■ Exercise requirements
Give the data again word for word; drop the pictures.

■ Raw data
Content starts

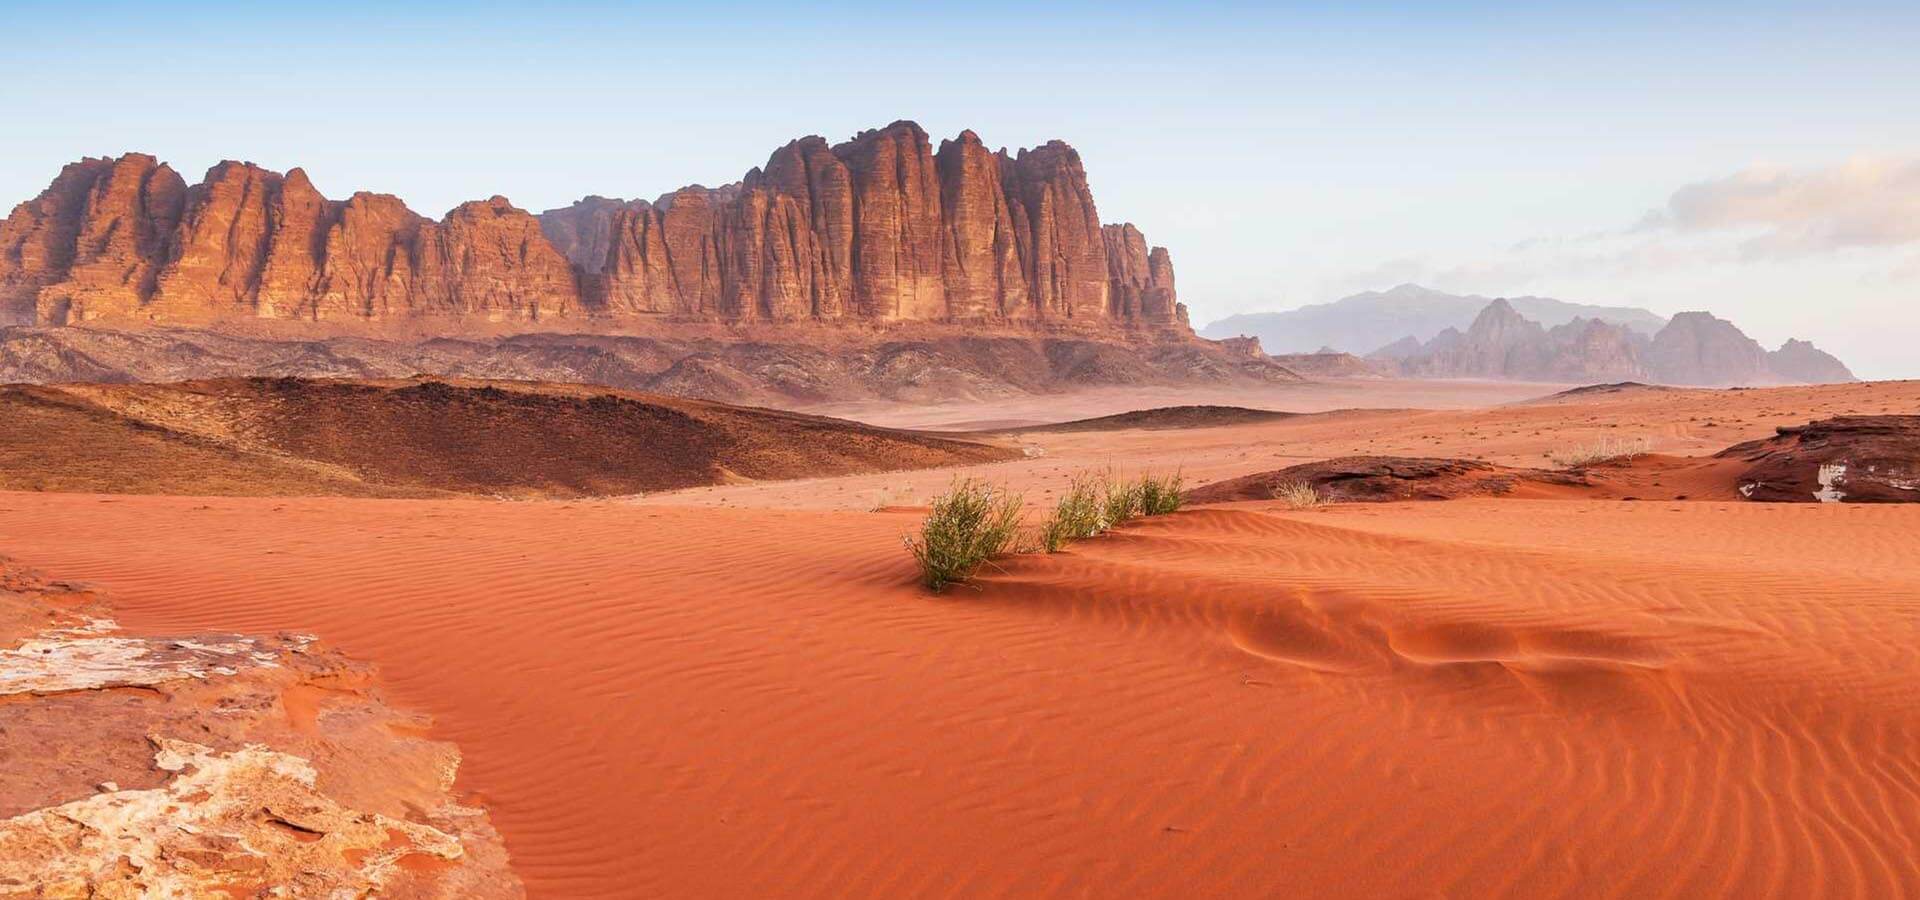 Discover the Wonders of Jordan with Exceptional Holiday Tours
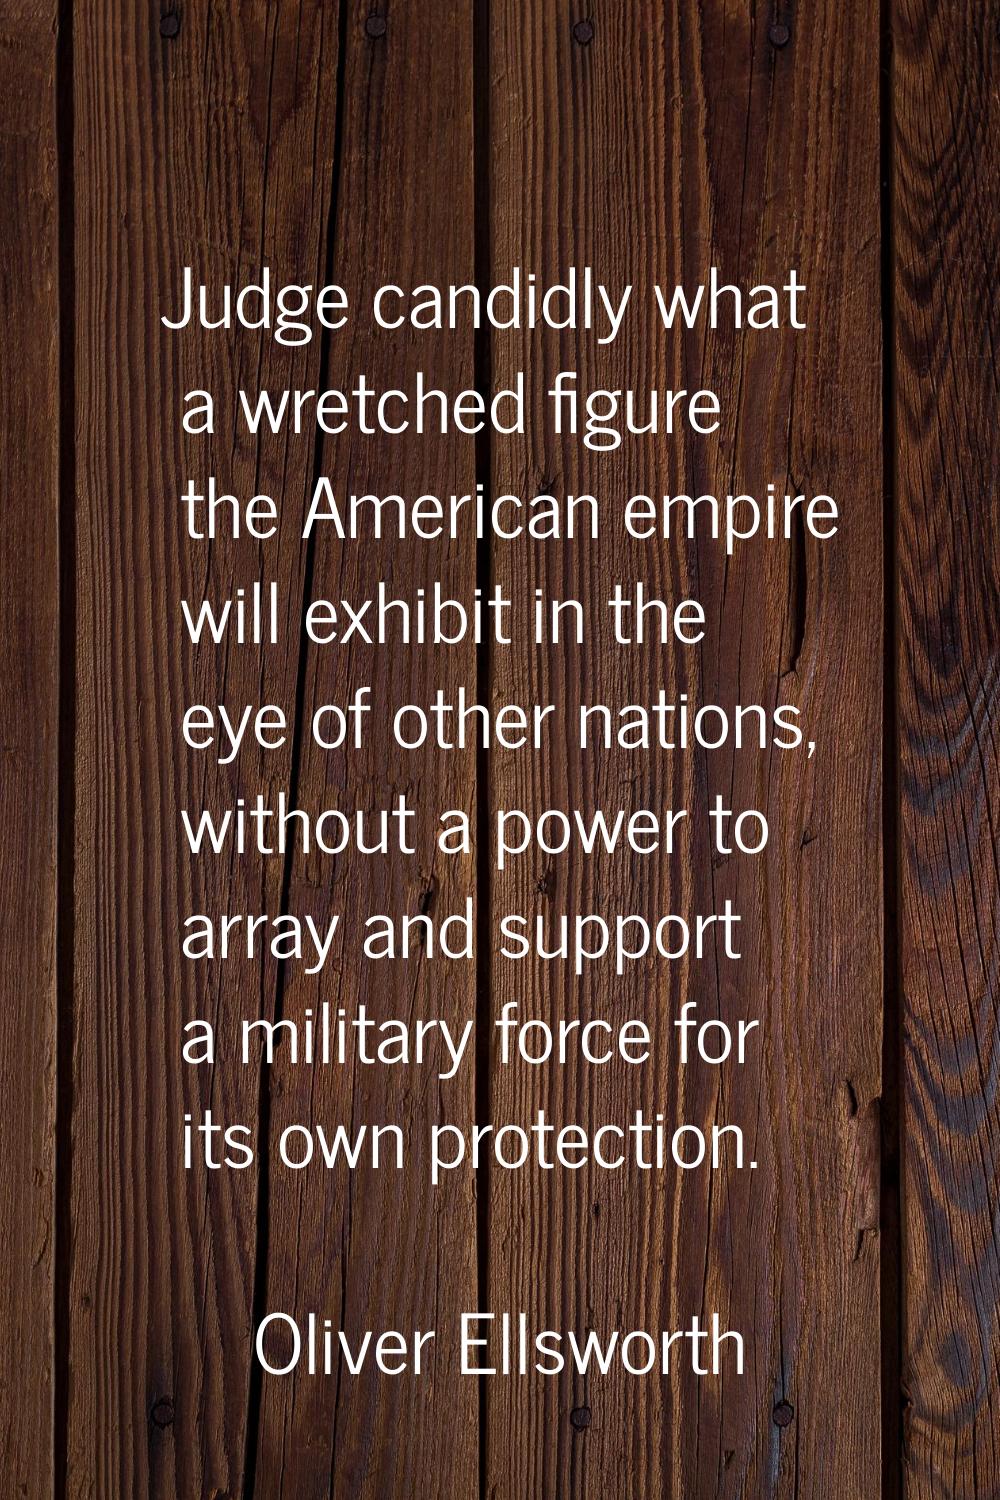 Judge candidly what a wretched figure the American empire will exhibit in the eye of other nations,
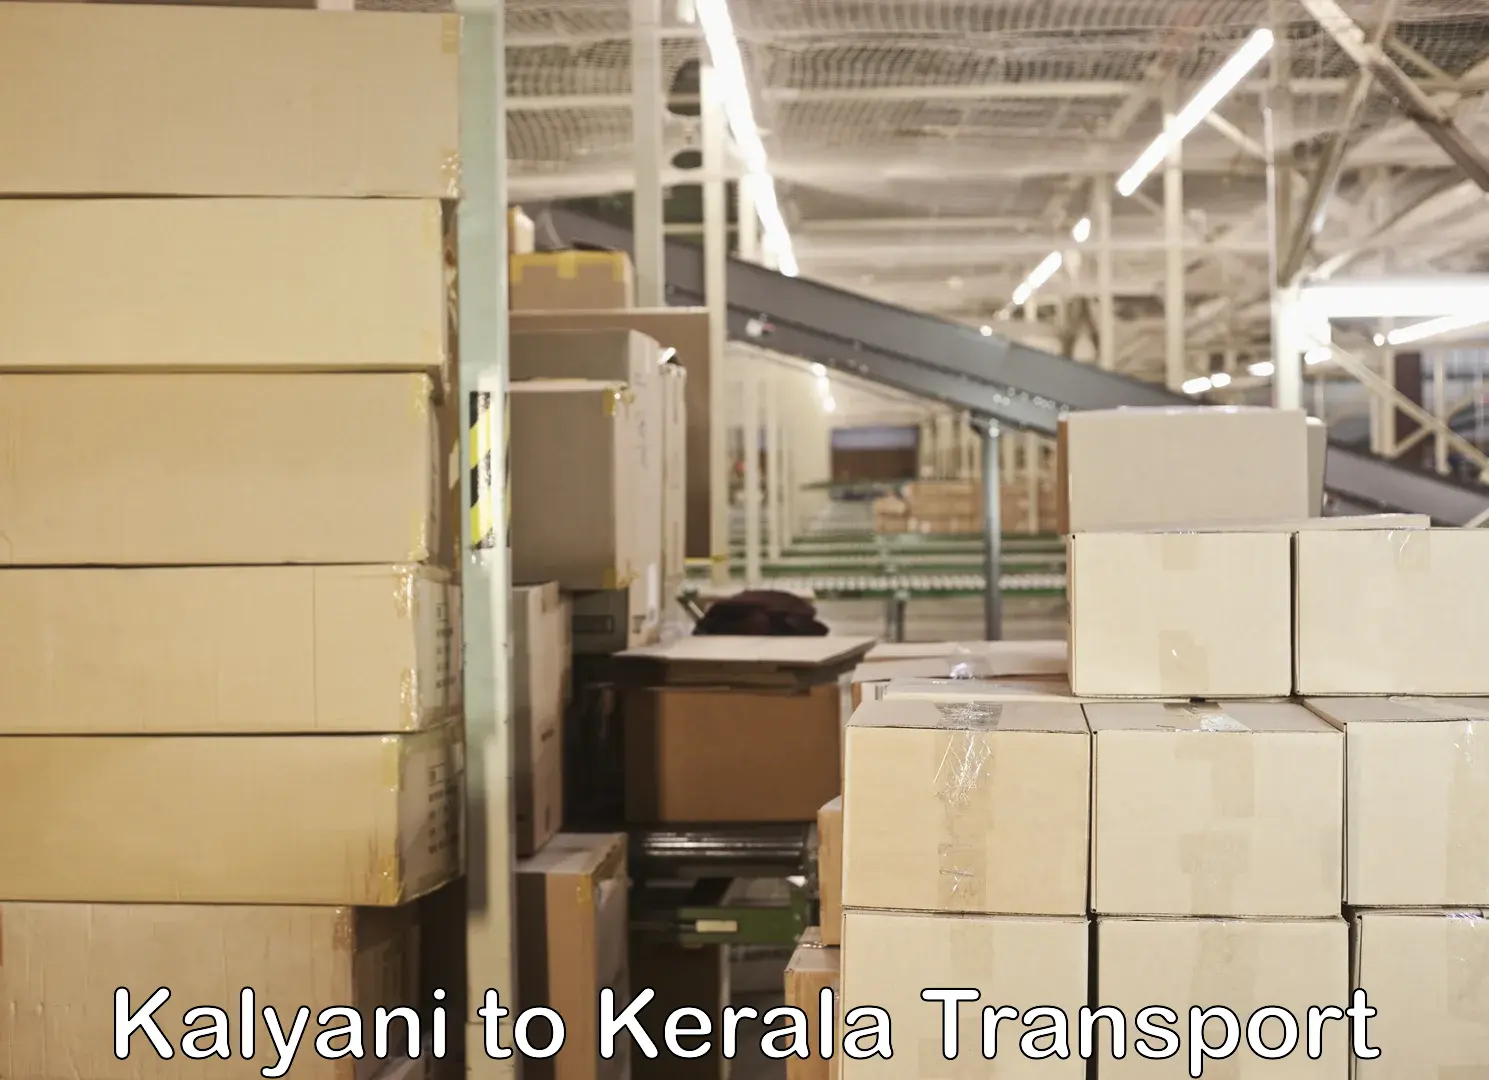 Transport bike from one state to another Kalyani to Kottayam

Content ends

■ Problem solution
 Discover the Wonders of Jordan with Exceptional Holiday Tours
 Judge candidly what a wretched figure the American empire will exhibit in the eye of other nations,
 Transport bike from one state to another Kalyani to Kottayam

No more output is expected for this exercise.